De resultaten waren echter wisselend: terwijl D66 vijf zetels won, verloor het CDA er vier. ‘Het is moeilijk te zeggen wat het effect van online advertenties precies is’, zegt NRC-datajournalist Rik Wassens. Jeroen Wijnen, die voor Follow The Money onderzoek deed naar digitale advertenties van politieke partijen, bevestigt dat. ‘Hypertargeten kan veel effect hebben. Dat houdt in dat je kiezers losweekt van een partij door in te spelen op een standpunt van die partij waar ze het niet mee eens zijn. Maar zulke gedetailleerde gegevens heb je vaak niet.’ 

“Partijen moeten betalen om zichtbaar te zijn” – Jeroen Wijnen

D66 heeft daarom al enkele maanden geleden testen uitgevoerd om te kijken wat wel en niet aanslaat. ‘Ze maakten drie advertenties met telkens een net iets andere slogan en bekeken welke advertentie de meeste interactie genereerde’, aldus Wassens. Facebook-advertenties zijn nu ook belangrijker geworden door een verandering van Facebook zelf, zegt Wijnen. ‘Sinds de vorige verkiezingen heeft Facebook het algoritme aangepast, waardoor pagina’s van bijvoorbeeld politieke partijen minder prioriteit hebben dan pagina’s van je Facebookvrienden. Partijen moeten nu betalen om beter zichtbaar te zijn.’

Doelgroepen

Partijen richten zich dan ook vaak op wat algemenere doelgroepen. ‘Het CDA heeft veel op vrouwen, met name jonge vrouwen, getarget’, weet Wijnen. 69% van de Facebook-advertenties van het CDA werd dan ook door vrouwen bekeken, maar slechts 40% van de huidige CDA-kiezers is vrouw volgens onderzoek van Ipsos. Van de D66-advertenties werd 52% door vrouwen gezien, gelijk aan het percentage vrouwen onder D66-kiezers

Sigrid Kaag op een congres in 2019. Foto: Dirk Hol

Verder richtte het CDA zich via Facebook-advertenties voor een relatief klein deel op jongeren; 29,5% van de advertenties werd getoond aan mensen tussen de 18 en 34 jaar. Bij partijen als Volt, BIJ1 en GroenLinks maakte deze leeftijdsgroep meer dan de helft van de doelgroep uit. Het CDA-electoraat bleek ook deze keer sterk vergrijsd: tweederde van de kiezers die deze keer op het CDA stemde is ouder dan 50 jaar en meer dan de helft van die groep is zelfs ouder dan 70 jaar. D66 targette minder op oudere kiezers via Facebook: slechts 13,8% van de advertenties werd gezien door 65-plussers.

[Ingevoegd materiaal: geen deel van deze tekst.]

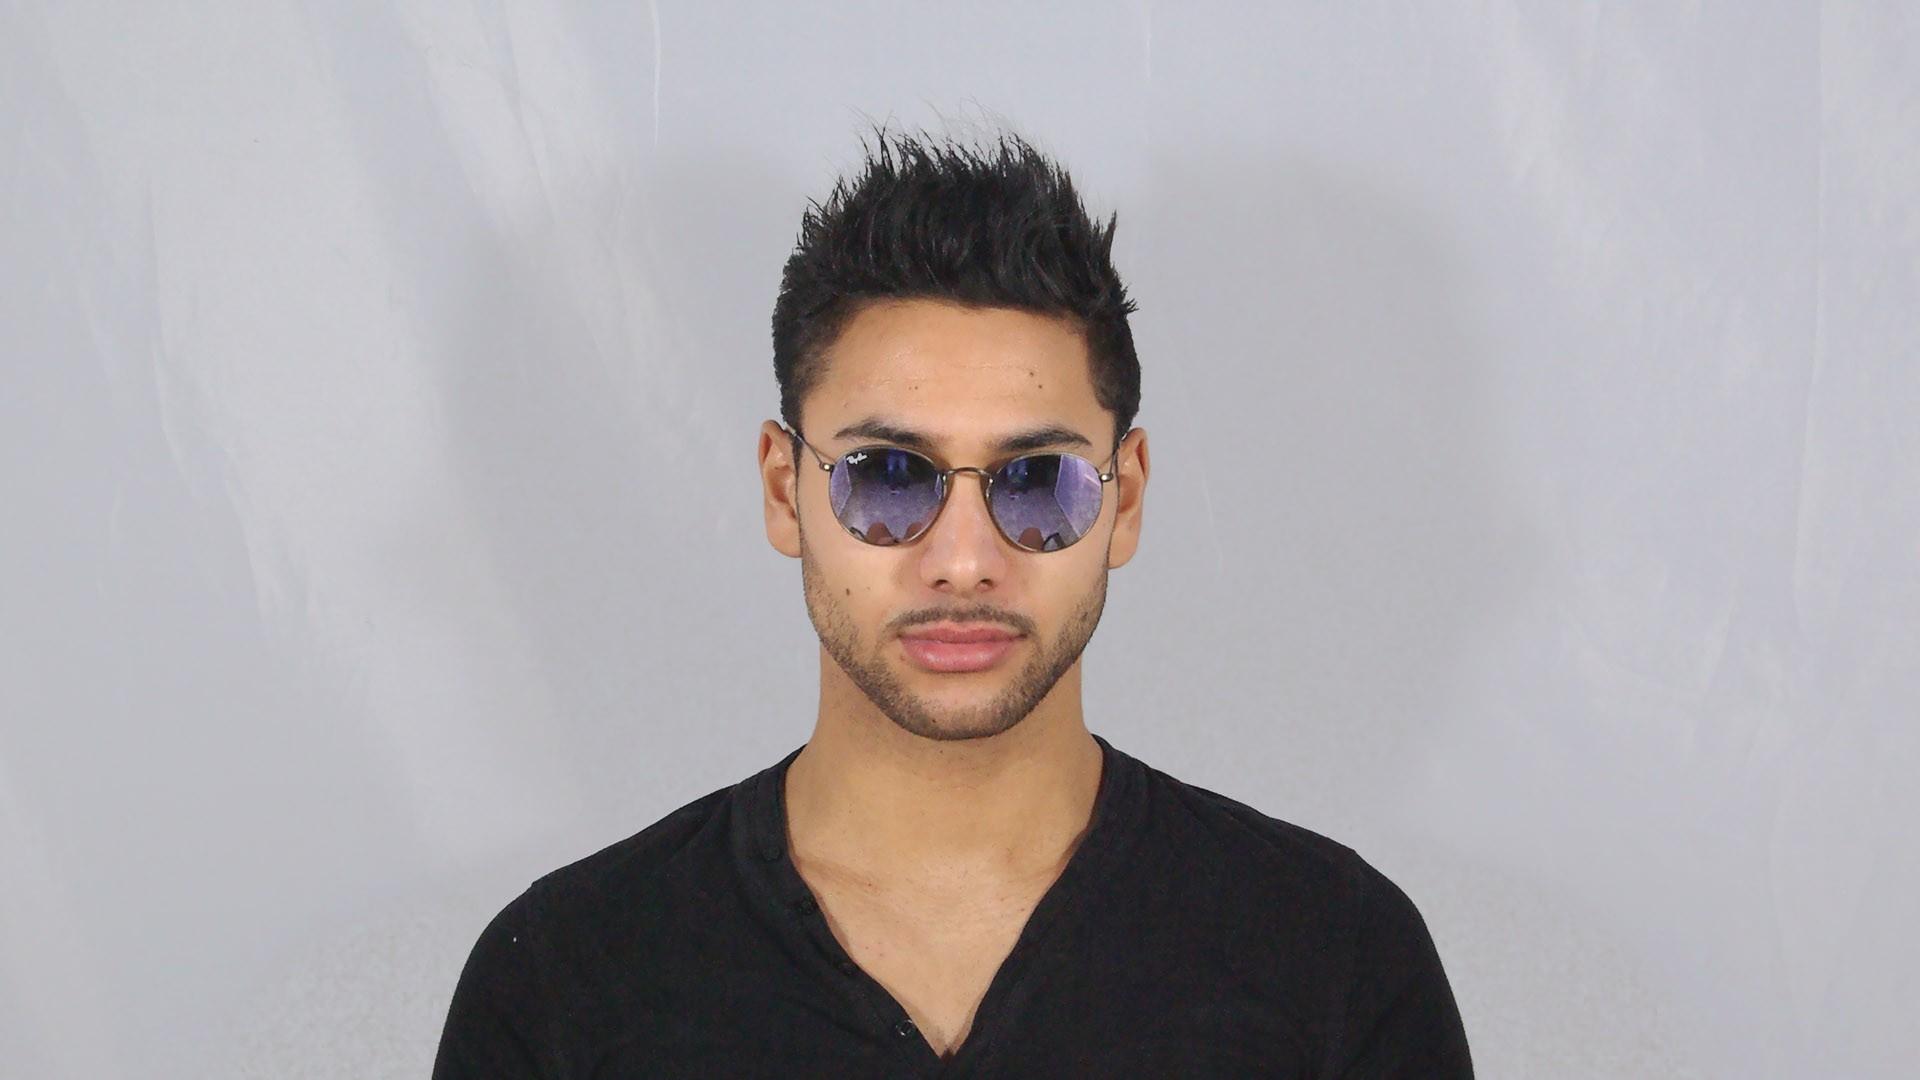 d80fee811e4 Sunglasses Ray-Ban Round Metal Brown Flash Lenses RB3447 167 4K 50-21  Medium Mirror

De partij trok dan ook veel jonge kiezers; een derde van de huidige D66-stemmers is tussen de 18-34 jaar en slechts een zesde van deze kiezers is 70-plus. 

In kaart gebracht

Maar er zijn meer interessante details. Wat opvalt aan deze kaart is dat de CDA-advertenties redelijk gelijk verdeeld zijn over de inwonerrijke provincies in het midden van het land, met name Zuid-Holland, Noord-Brabant en Gelderland. In Zuid-Holland heeft het CDA in de Duin- en Bollenstreek en het Groene Hart in enkele gemeenten de top 3 van partijen gehaald, maar het werd nergens de grootste. Ook in Noord-Brabant werd het CDA nergens de grootste partij, maar was het wel consequent de tweede of derde partij per gemeente. Waar dit echter structureel niet lukt, zijn de grotere steden waar veel mensen wonen en waar dus veel stemmen te winnen zijn. Ook in Gelderland werd het CDA nergens de grootste partij; in gemeenten die tot de Achterhoek of het Gelderse deel van de Biblebelt behoren wist de partij goed te scoren, maar wederom haalde het niet de top 3 van partijen in grote steden.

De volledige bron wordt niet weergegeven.